Fowler is optimistic about the new term, however. In the paper, he explains SOA’s spotty record: “When we’ve talked about microservices, a common question is whether this is just service oriented architecture that we saw a decade ago. There is merit to this point, because the microservices style is very similar to what some advocates of SOA have been in favor of.
“The problem, however, is that SOA means too many different things, and that most of the time that we come across something called ‘SOA,’ it’s significantly different to the style we’re describing here, usually due to a focus on ESBs used to integrate monolithic applications. In particular we have seen so many botched implementations of service orientation—from the tendency to hide complexity away in ESBs, to failed multi-year initiatives that cost millions and deliver no value, to centralized governance models that actively inhibit change, that it is sometimes difficult to see past these problems.”

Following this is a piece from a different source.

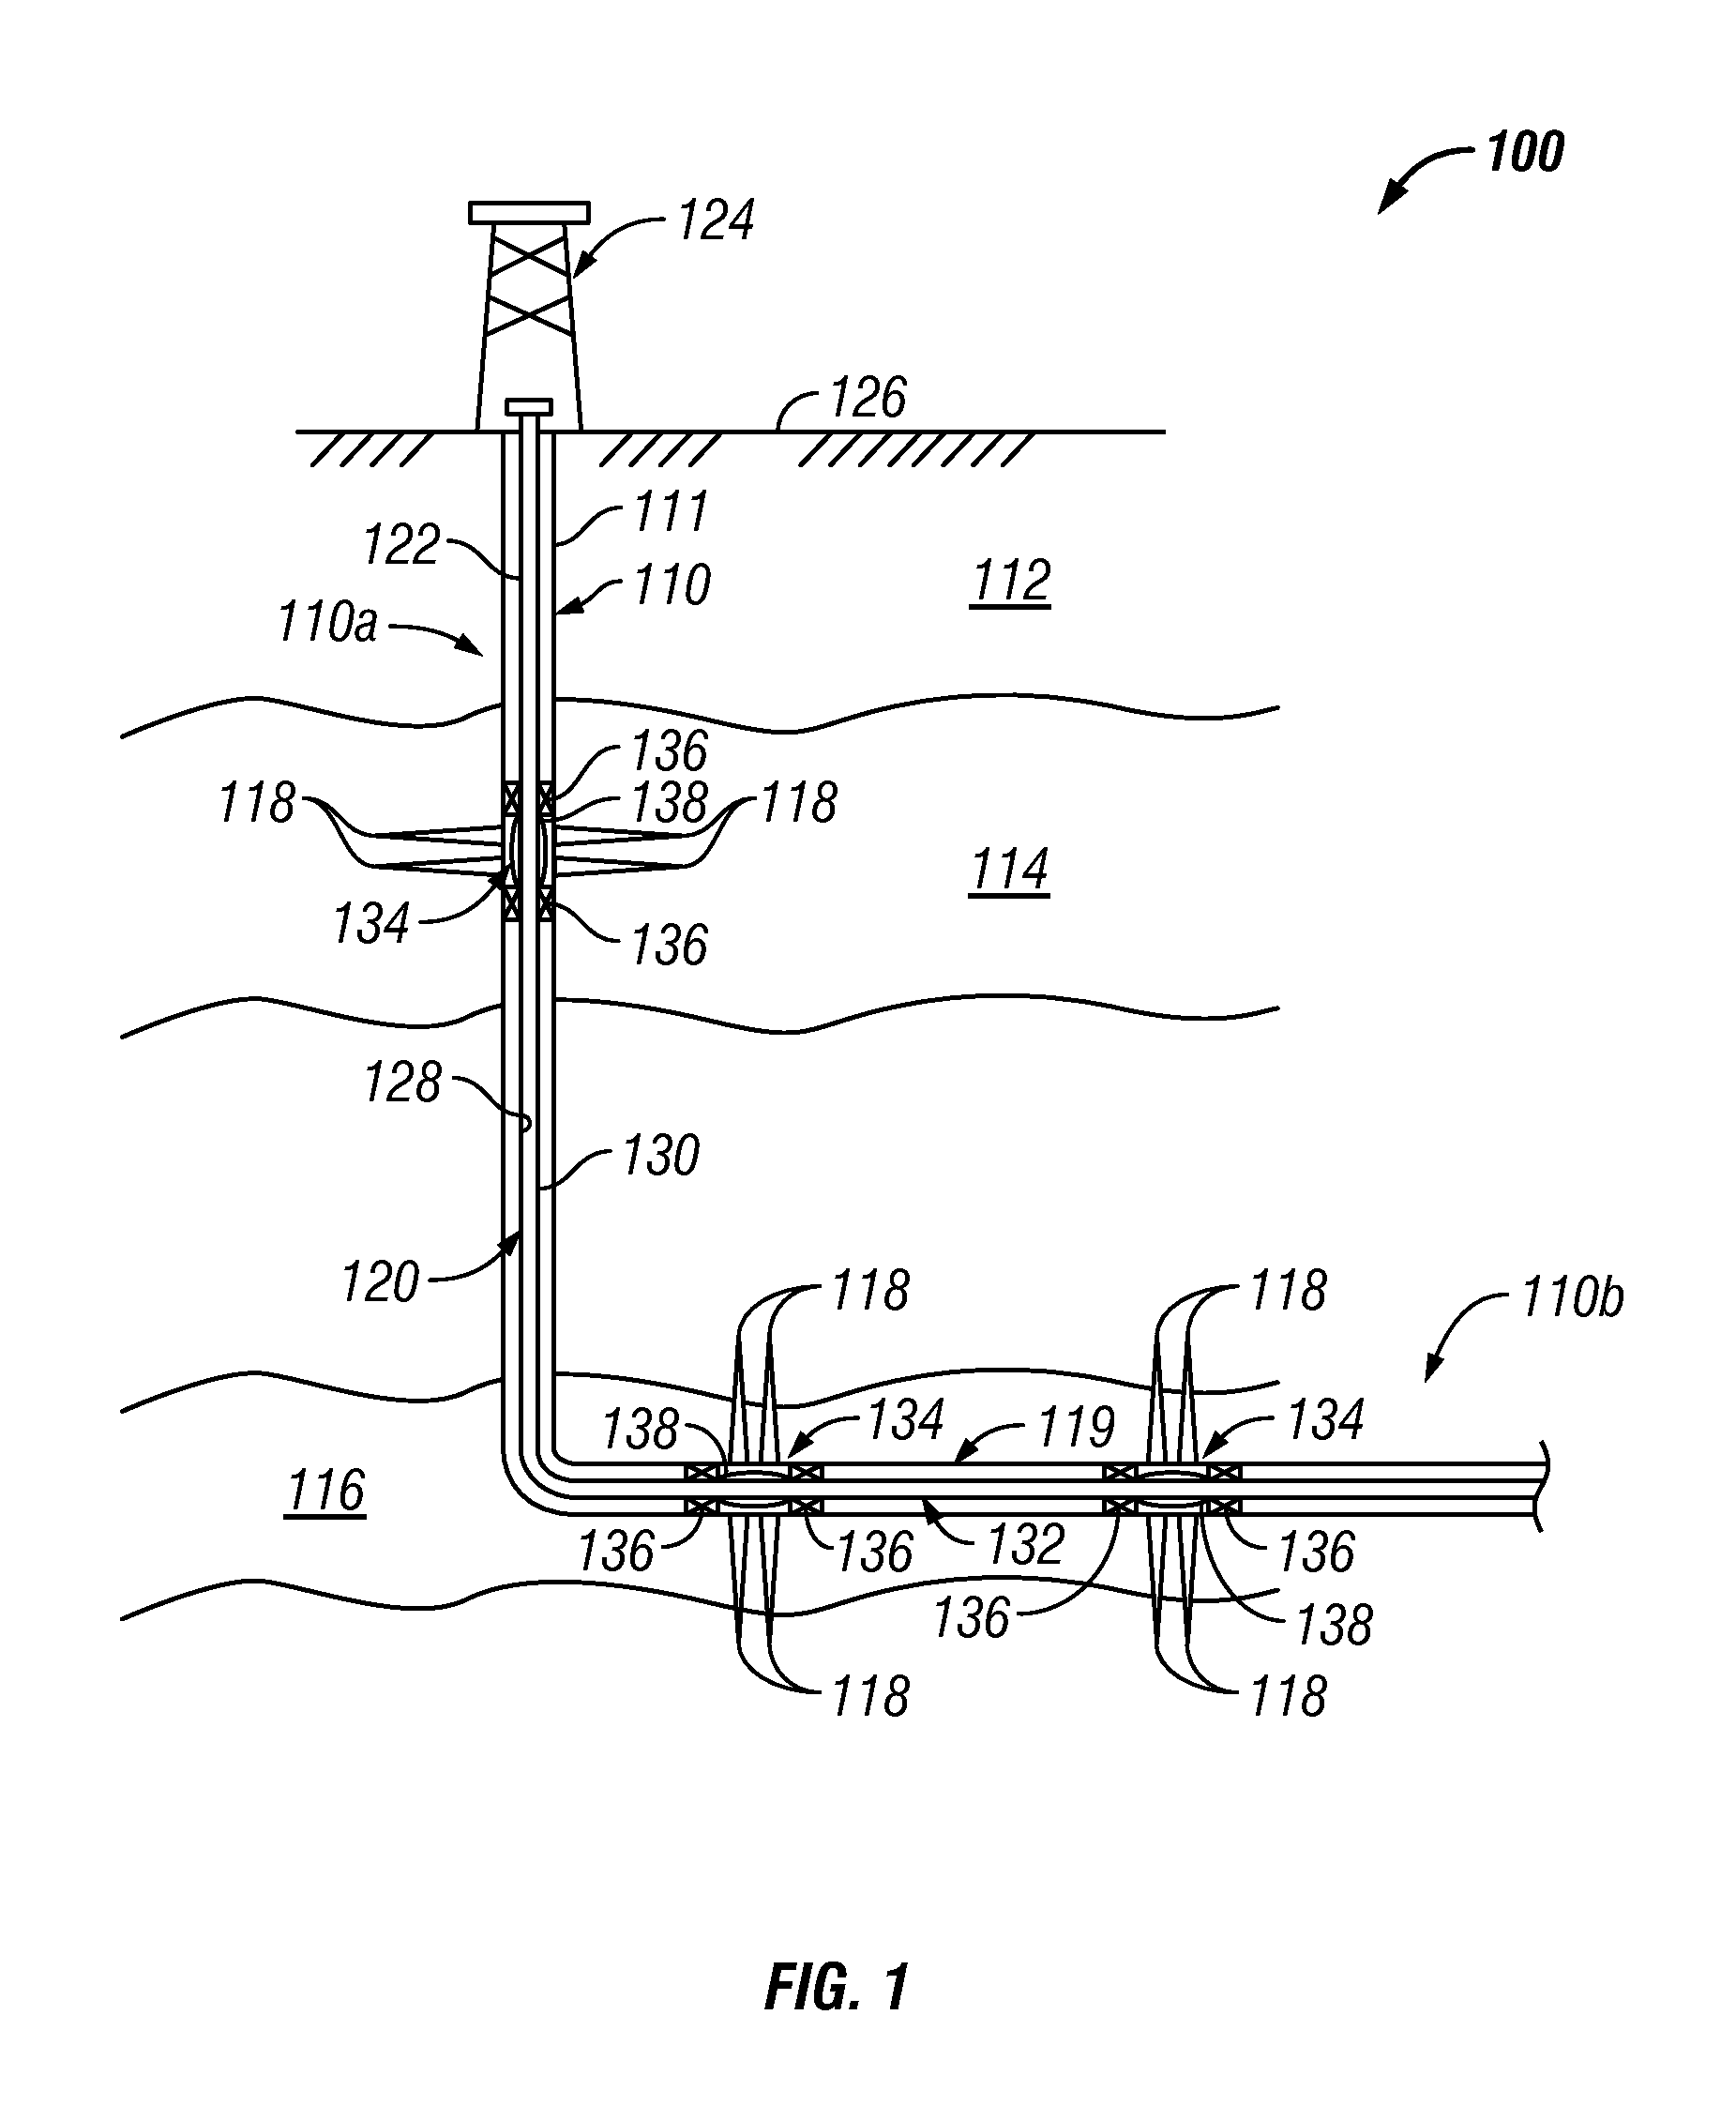 Method of Providing Flow Control Devices for a Production Wellbore

As a result, Fowler writes, microservices might finally mean “service orientation done right.”
Five security tips for container-crazed coders
To avoid kernel exploits, denial of service attacks, cracked database passwords, poisoned images and more, these basics are a must (but by no means a complete security strategy):
- The usual rules of Internet hygiene apply: Verify image quality and provenance.
- Set boundaries: Containers are safest when segregated within VMs.
- Check your privilege: Don’t run containers with the “—” privilege flag, and drop privileges ASAP.
- Stay lean: Containers shouldn’t include anything the application doesn’t need to run.
- Protect the host: Run as non-root whenever possible.